## Task brief
Write the listing out again in full. Every character must match.

## Available data
= = = = =

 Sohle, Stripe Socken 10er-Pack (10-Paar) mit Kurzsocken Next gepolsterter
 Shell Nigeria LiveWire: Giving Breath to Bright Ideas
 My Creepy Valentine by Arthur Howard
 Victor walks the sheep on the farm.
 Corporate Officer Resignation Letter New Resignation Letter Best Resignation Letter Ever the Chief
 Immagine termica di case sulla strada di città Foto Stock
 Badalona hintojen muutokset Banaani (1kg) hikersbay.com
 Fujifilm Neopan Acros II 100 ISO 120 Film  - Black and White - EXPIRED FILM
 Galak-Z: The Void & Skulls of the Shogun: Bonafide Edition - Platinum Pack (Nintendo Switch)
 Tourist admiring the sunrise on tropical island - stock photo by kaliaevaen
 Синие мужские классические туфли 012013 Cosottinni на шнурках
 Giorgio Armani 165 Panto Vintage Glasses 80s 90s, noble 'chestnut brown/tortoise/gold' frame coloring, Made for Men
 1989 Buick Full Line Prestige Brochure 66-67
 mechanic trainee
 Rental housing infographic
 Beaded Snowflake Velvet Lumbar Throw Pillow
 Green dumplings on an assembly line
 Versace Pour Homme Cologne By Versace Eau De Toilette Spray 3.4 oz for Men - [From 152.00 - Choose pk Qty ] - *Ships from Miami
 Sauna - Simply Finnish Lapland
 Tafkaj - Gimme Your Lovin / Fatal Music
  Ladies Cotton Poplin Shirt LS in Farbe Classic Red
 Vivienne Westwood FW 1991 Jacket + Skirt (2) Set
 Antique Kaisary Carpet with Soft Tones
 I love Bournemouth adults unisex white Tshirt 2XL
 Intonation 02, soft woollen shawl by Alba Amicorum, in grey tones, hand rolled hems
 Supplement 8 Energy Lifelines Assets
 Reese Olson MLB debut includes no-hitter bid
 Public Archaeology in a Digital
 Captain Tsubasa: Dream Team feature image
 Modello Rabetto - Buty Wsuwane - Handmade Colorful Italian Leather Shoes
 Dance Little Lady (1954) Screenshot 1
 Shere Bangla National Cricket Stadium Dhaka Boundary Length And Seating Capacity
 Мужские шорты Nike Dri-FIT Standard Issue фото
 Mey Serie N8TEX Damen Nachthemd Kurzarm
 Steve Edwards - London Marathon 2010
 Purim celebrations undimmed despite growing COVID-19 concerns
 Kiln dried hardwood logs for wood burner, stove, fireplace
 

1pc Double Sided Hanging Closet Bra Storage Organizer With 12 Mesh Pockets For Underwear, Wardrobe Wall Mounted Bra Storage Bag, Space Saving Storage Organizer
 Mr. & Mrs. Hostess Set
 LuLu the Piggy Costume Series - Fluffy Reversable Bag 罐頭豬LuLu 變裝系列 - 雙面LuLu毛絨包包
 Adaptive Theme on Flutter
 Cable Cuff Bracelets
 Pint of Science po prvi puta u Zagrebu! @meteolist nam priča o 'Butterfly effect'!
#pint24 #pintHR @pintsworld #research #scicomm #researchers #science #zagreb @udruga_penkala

= = = = =

## Finished exercise
 Sohle, Stripe Socken 10er-Pack (10-Paar) mit Kurzsocken Next gepolsterter
 Shell Nigeria LiveWire: Giving Breath to Bright Ideas
 My Creepy Valentine by Arthur Howard
 Victor walks the sheep on the farm.
 Corporate Officer Resignation Letter New Resignation Letter Best Resignation Letter Ever the Chief
 Immagine termica di case sulla strada di città Foto Stock
 Badalona hintojen muutokset Banaani (1kg) hikersbay.com
 Fujifilm Neopan Acros II 100 ISO 120 Film  - Black and White - EXPIRED FILM
 Galak-Z: The Void & Skulls of the Shogun: Bonafide Edition - Platinum Pack (Nintendo Switch)
 Tourist admiring the sunrise on tropical island - stock photo by kaliaevaen
 Синие мужские классические туфли 012013 Cosottinni на шнурках
 Giorgio Armani 165 Panto Vintage Glasses 80s 90s, noble 'chestnut brown/tortoise/gold' frame coloring, Made for Men
 1989 Buick Full Line Prestige Brochure 66-67
 mechanic trainee
 Rental housing infographic
 Beaded Snowflake Velvet Lumbar Throw Pillow
 Green dumplings on an assembly line
 Versace Pour Homme Cologne By Versace Eau De Toilette Spray 3.4 oz for Men - [From 152.00 - Choose pk Qty ] - *Ships from Miami
 Sauna - Simply Finnish Lapland
 Tafkaj - Gimme Your Lovin / Fatal Music
  Ladies Cotton Poplin Shirt LS in Farbe Classic Red
 Vivienne Westwood FW 1991 Jacket + Skirt (2) Set
 Antique Kaisary Carpet with Soft Tones
 I love Bournemouth adults unisex white Tshirt 2XL
 Intonation 02, soft woollen shawl by Alba Amicorum, in grey tones, hand rolled hems
 Supplement 8 Energy Lifelines Assets
 Reese Olson MLB debut includes no-hitter bid
 Public Archaeology in a Digital
 Captain Tsubasa: Dream Team feature image
 Modello Rabetto - Buty Wsuwane - Handmade Colorful Italian Leather Shoes
 Dance Little Lady (1954) Screenshot 1
 Shere Bangla National Cricket Stadium Dhaka Boundary Length And Seating Capacity
 Мужские шорты Nike Dri-FIT Standard Issue фото
 Mey Serie N8TEX Damen Nachthemd Kurzarm
 Steve Edwards - London Marathon 2010
 Purim celebrations undimmed despite growing COVID-19 concerns
 Kiln dried hardwood logs for wood burner, stove, fireplace
 

1pc Double Sided Hanging Closet Bra Storage Organizer With 12 Mesh Pockets For Underwear, Wardrobe Wall Mounted Bra Storage Bag, Space Saving Storage Organizer
 Mr. & Mrs. Hostess Set
 LuLu the Piggy Costume Series - Fluffy Reversable Bag 罐頭豬LuLu 變裝系列 - 雙面LuLu毛絨包包
 Adaptive Theme on Flutter
 Cable Cuff Bracelets
 Pint of Science po prvi puta u Zagrebu! @meteolist nam priča o 'Butterfly effect'!
#pint24 #pintHR @pintsworld #research #scicomm #researchers #science #zagreb @udruga_penkala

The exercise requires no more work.